The first thing to say is that publishing a list of one’s holdings, mistakes and all, is a really gutsy thing to do. So, kudos to him for that. The second point to be made is that each investor is his or her own person with their own means, needs, skills, goals, opportunities, and obligations and what they are doing isn’t likely to be what you would do or how you would do it.
Those things said, I think the portfolio lacks discipline. It’s a machine gunner’s “spray and pray” portfolio, rather than a sniper’s "one shot, one kill’ portfolio. Years ago, when I was trading bonds, I typically carried 250 to 300 positions, because that was the best way to manage my risks. With stocks, however, and the ability to trail stops and to hedge with the use inverse ETFs, much more than 30 to 40 positions is too many to track and manage. (IMHO, natch.)
So, which of Paul’s 188 positions should have been cut? The biggest losers, obviously, and before they became big losers. But there’s something even more important that’s missing, namely, “How many of those positions really are just the same bet?”
In other words, is a stock position not working due to specific company fundamentals, or is it due to factors that are trashing the whole industry/sector? If so, why not be short that industry or sector instead of long a specific company within that industry/sector? OTOH, if the industry/sector is doing well, as the gold and silver miners have been for months now, why own shares of companies within that industry/sector instead of just buying an index fund that tracks the industry/sector such as GDX, GDXJ, SIL, SilJ?

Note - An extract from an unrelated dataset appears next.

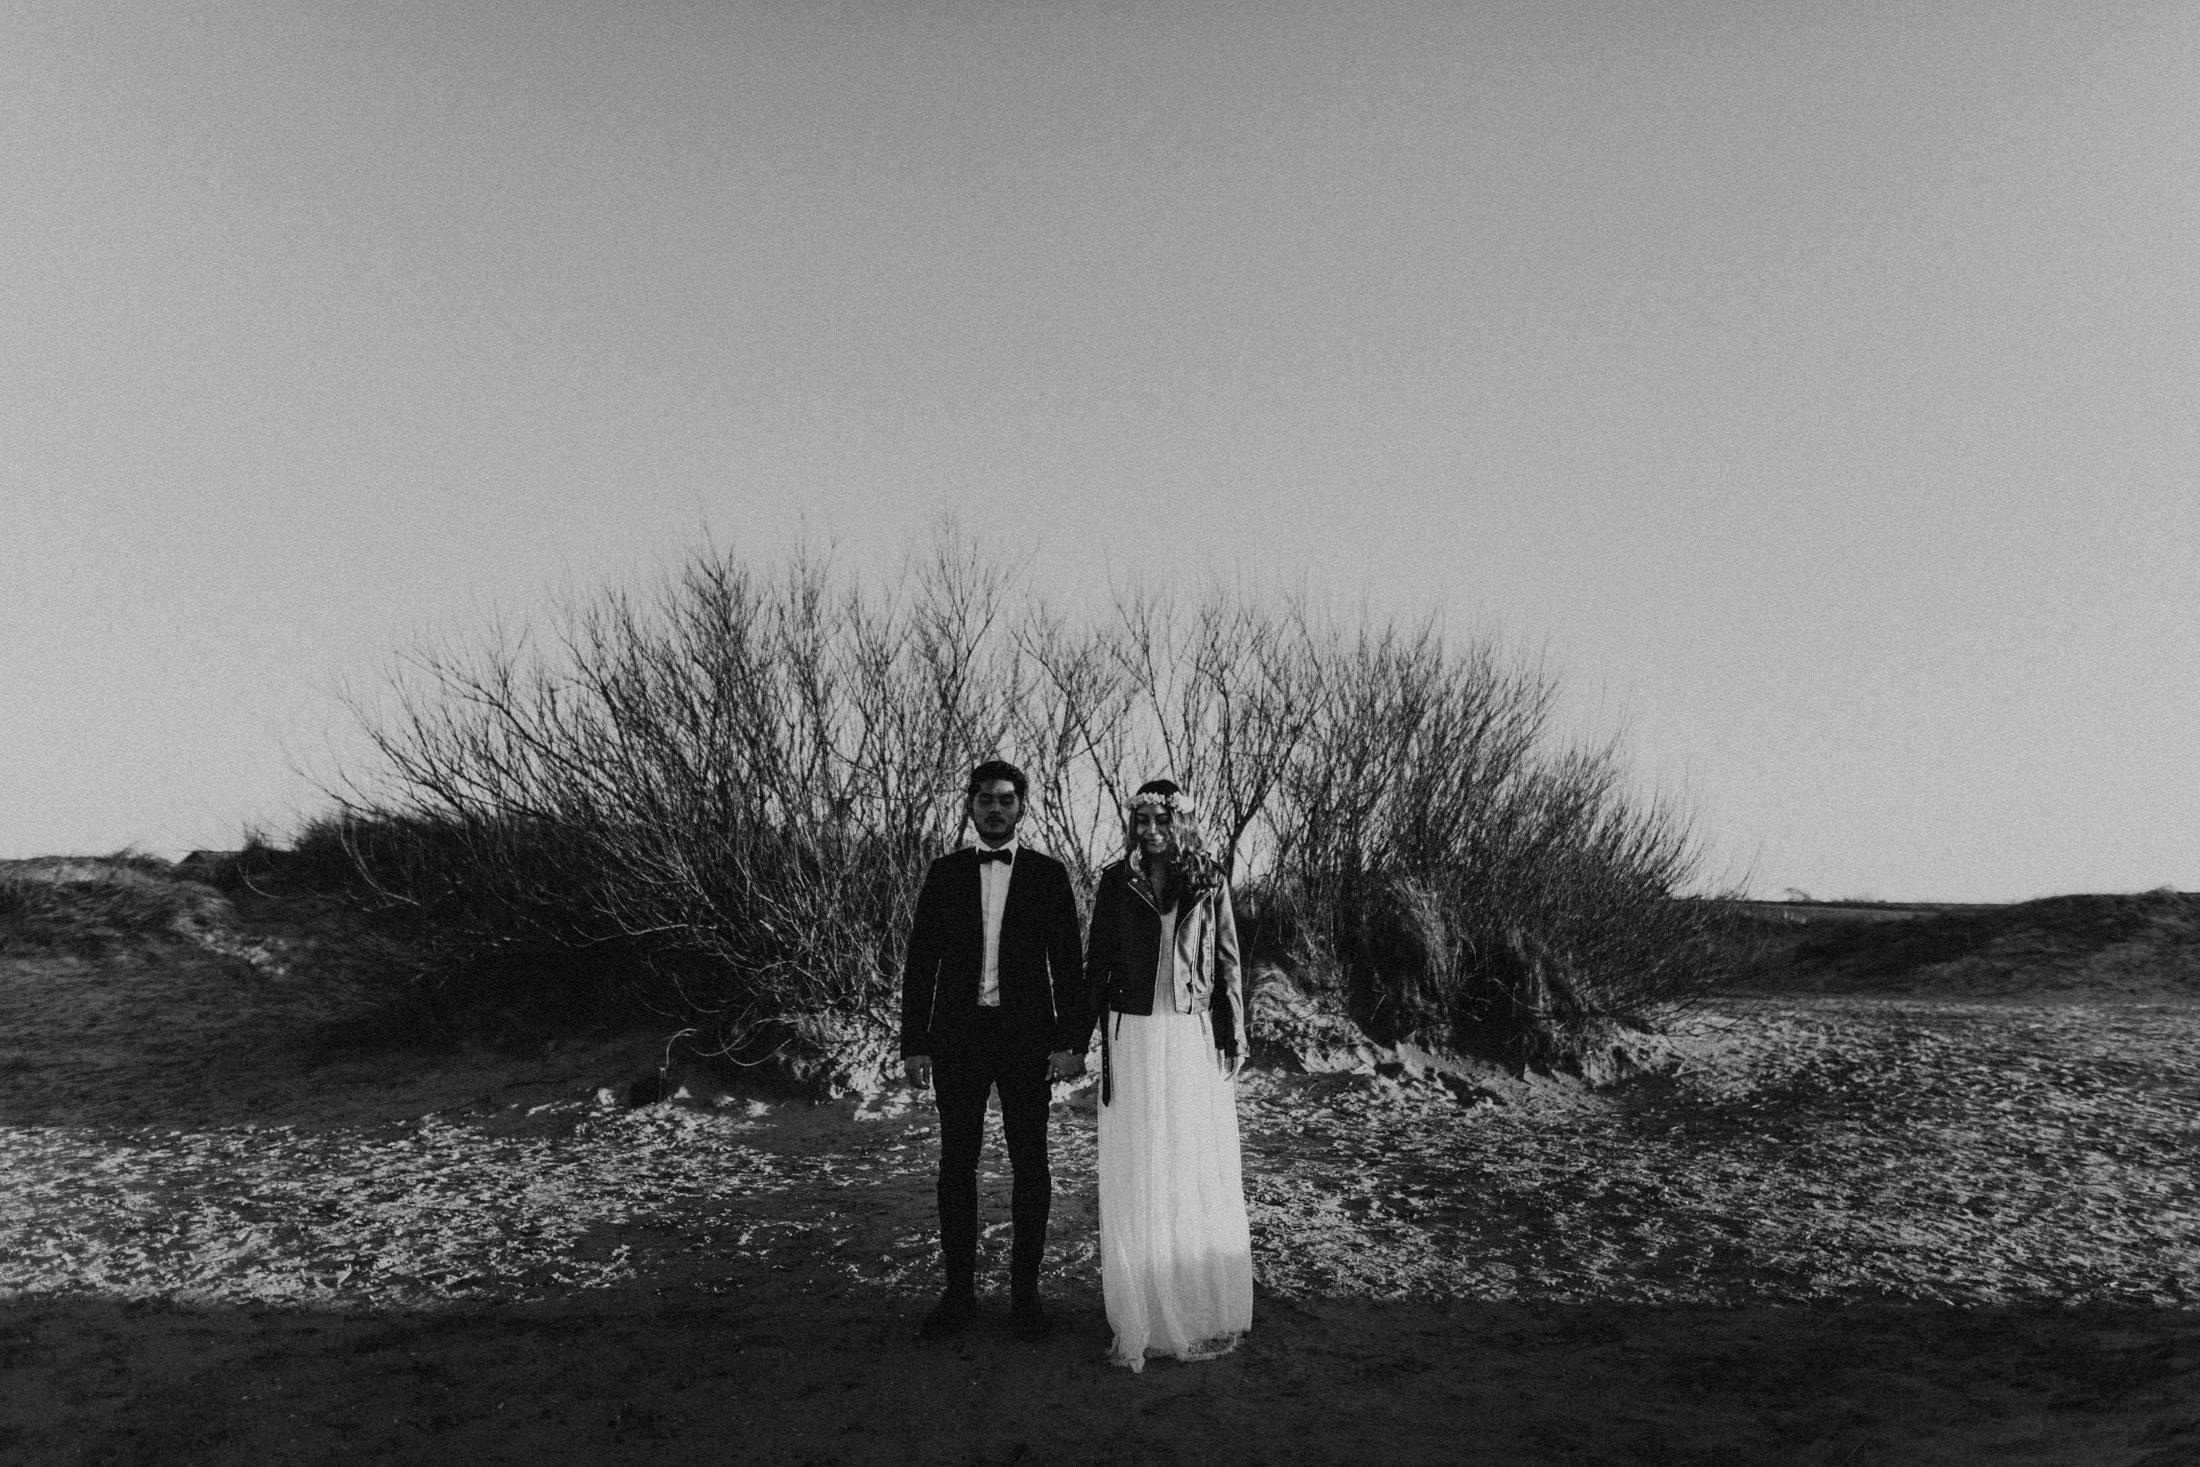 Wedding_Photographer_Mallorca_Daniela-Marquardt_Photography_CanaryIslands_Lanzarote_Iceland_Tuskany_Santorini_Portugal_Schweiz_Austria_Bayern_Elopement_Hochzeitsfotograf_Norddeichich_1

For sure, there are times when some of the components within an index fund do better than what the fund achieves as a whole, just as there are times when some individual holdings “under-perform” the average. But if the fund --be it open-end, closed-end, or exchange-traded-- really is a proper index fund and not just an outrageously over-weighted bet on just three or four stocks that make up nearly half of the holdings, then there’s not much to be gained from betting on specific components than the whole group of them
Here’s a specific example. I own PAAS, a silver miner, and Schwab reports that my gain on the position is 322%. PAAS is a component of SIL, an ETF that tracks the silver miner majors. If a chart is created for PAAS using a comparative indicator with SIL as its underlying, it’s possible to see --as I said-- that PAAS sometimes out-performs its benchmark and sometimes under-performs it.

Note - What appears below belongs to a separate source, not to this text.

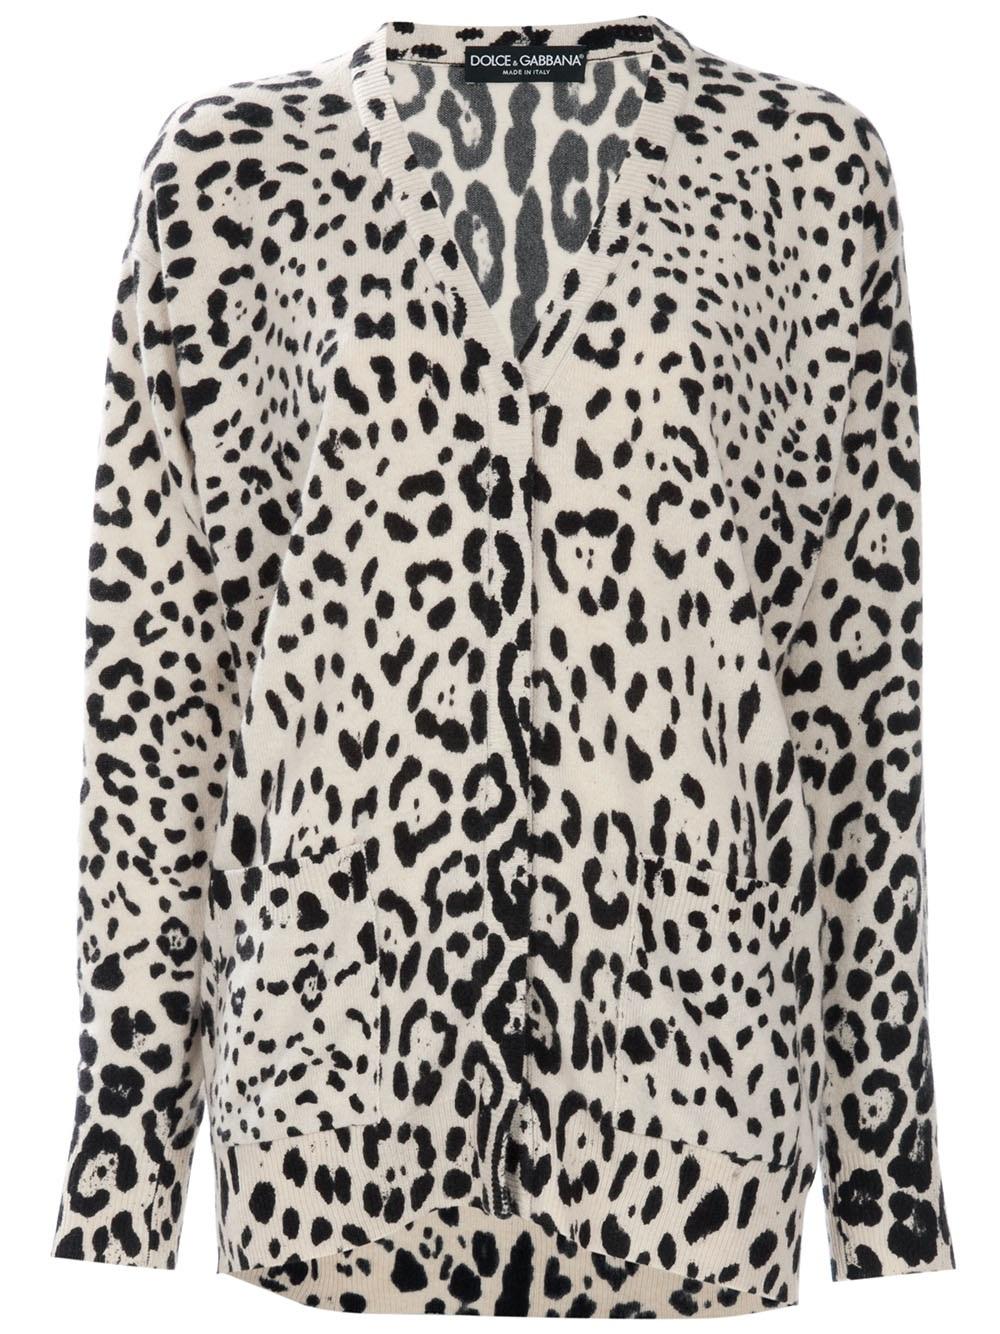 Leopard Print Cardigan Forever 21

So here’s the real question to be asked. "Do you want to ‘trade’, or do you want to ‘invest’? If the latter, then it’s the tides of the macro situation that should concern you, not the ripples and waves, and making bets on whole industries and sectors, rather than messing with individual stocks, is the far easier --and equally profitable-- approach. (IMHO, 'natch)
Thus, my bet would be that Paul’s 188 positions could be reduced to 20 to 30 and such a portfolio would achieve overall results comparable to his present one.
And, yes, I own both PAAS and SIL. But I wouldn’t have gone that route had I read this post. I’d have just used SIL to make my bet.